The Ministry of Defence in London said a joint civilian and military team from
the UK's Defence Academy will teach 30 members of the Tatmadaw and Burmese
government in the New Year.



The course called "Managing Defence in a Wider Security Context" will be run
in collaboration with Cranfield University.



Mark Francois, minister for the Armed Forces, said: "The Tatmadaw remain a key
political force in Burma, therefore we seek to encourage them to support
democratic reform through our influence and with education."



Military sources said the two week course was not battlefield military
training, but staff college type education including teaching in human
rights, humanitarian law and accountability.

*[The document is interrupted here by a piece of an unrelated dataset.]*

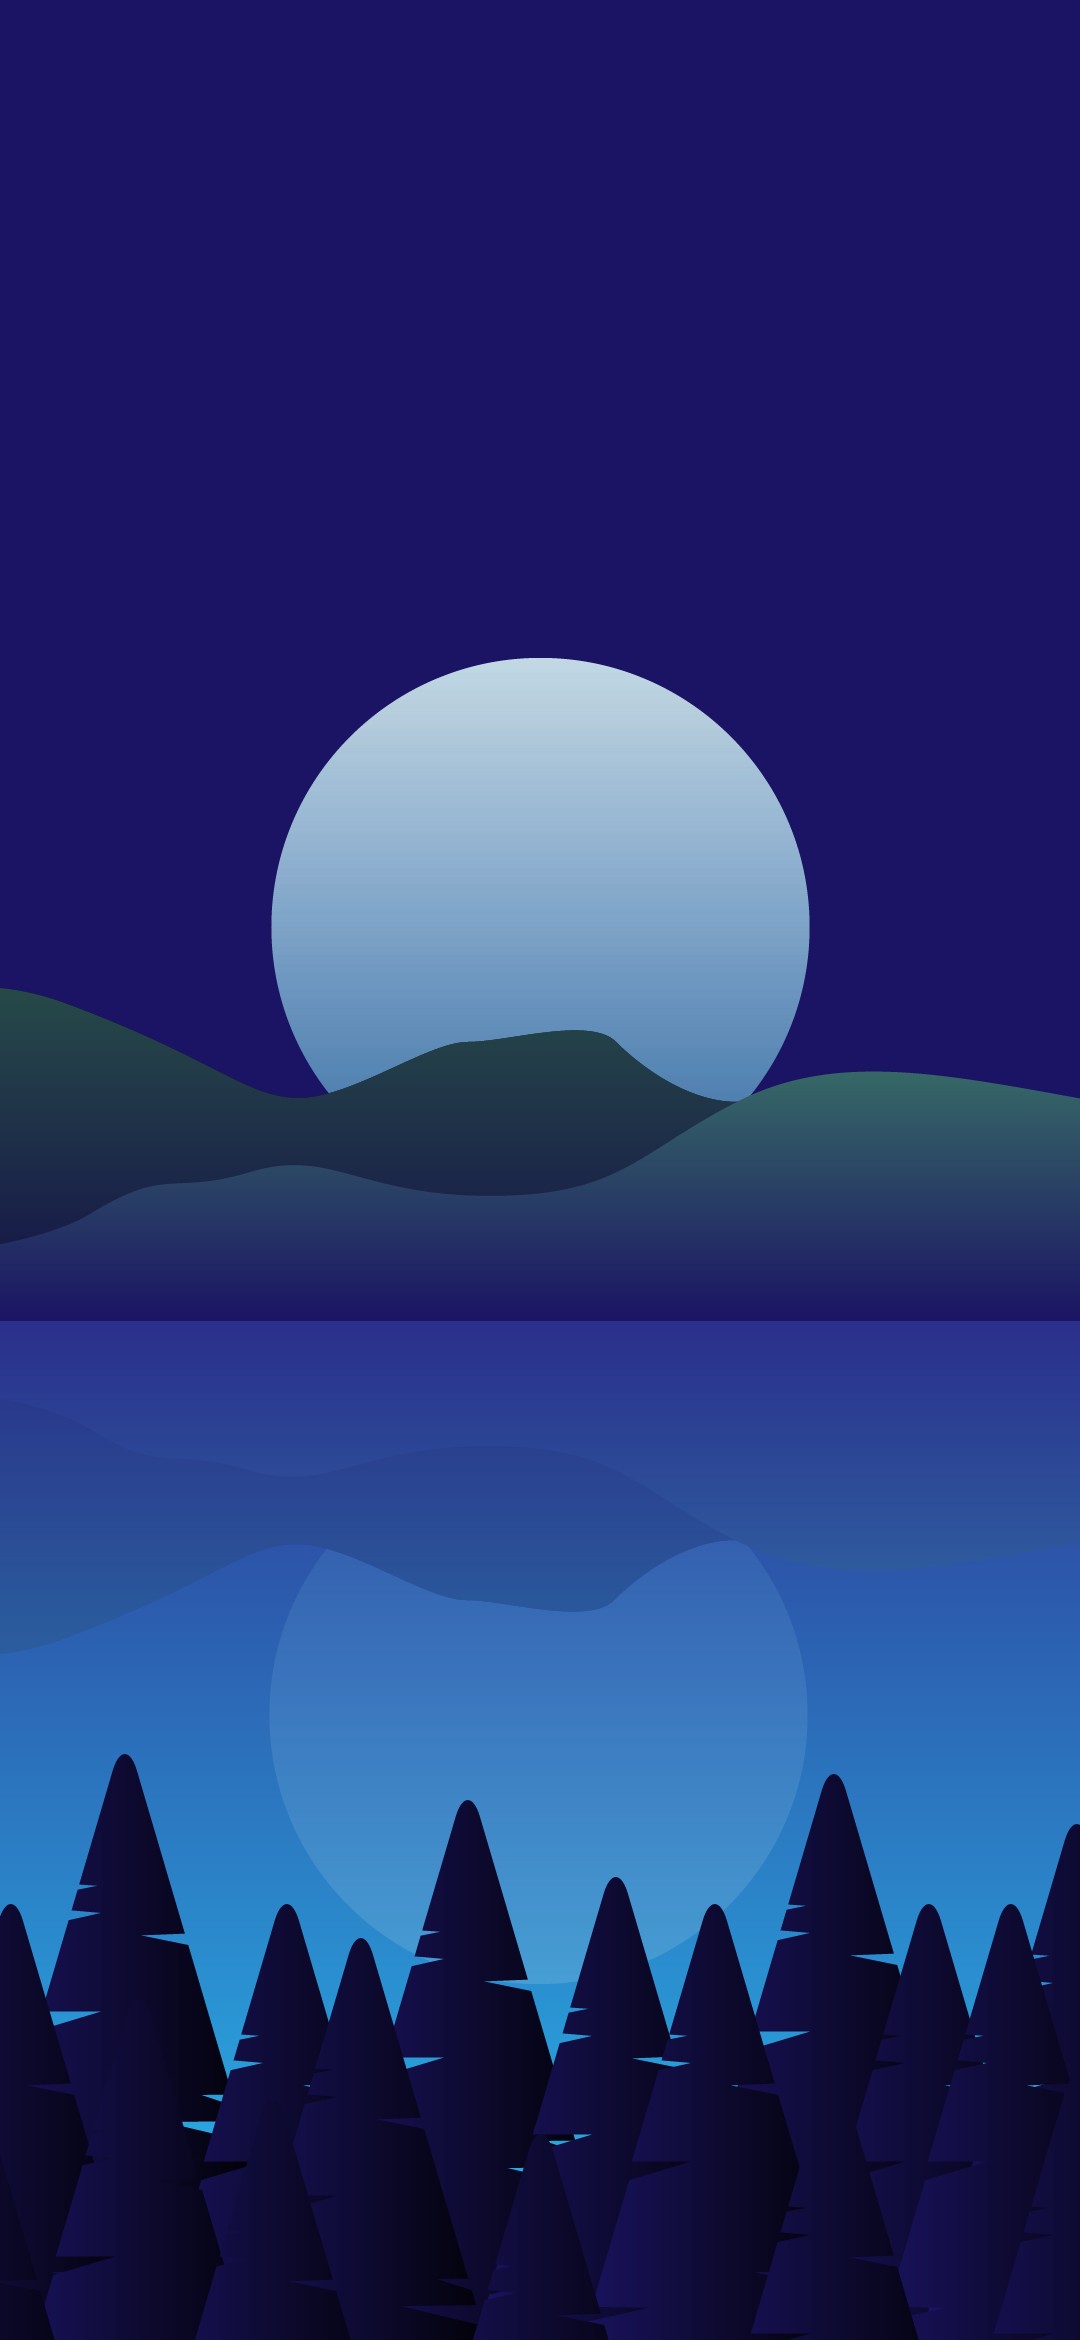 湖に映る満月と星 イラスト Google Pixel 5 Android 壁紙 待ち受け スマラン

One defence source said: "The Burmese military will be key to the process of
political reform. To ignore the military puts the entire process of
political reform at risk."



The training has been endorsed by Aung San Suu Kyi, the country's veteran
opposition leader, who visited Sandhurst earlier this year to see what the
British military could offer.



Western governments and businesses have scrambled for position in Burma since
the country's military leaders ended years of isolation by promising to
usher in democratic reforms. America has also offered legal training to the
Burmese military.



Burma has plentiful resources of hydro-carbons, minerals, gems and timber, and
a cheap labour force which thanks to years of sanctions is largely untapped
by foreign investors.



Yasmin Qureshi, MP for Bolton South East, said recent attacks on Burma's
Muslim Rohingya minority had been carried out with the tacit support of the
military and showed the armed forces had not changed however.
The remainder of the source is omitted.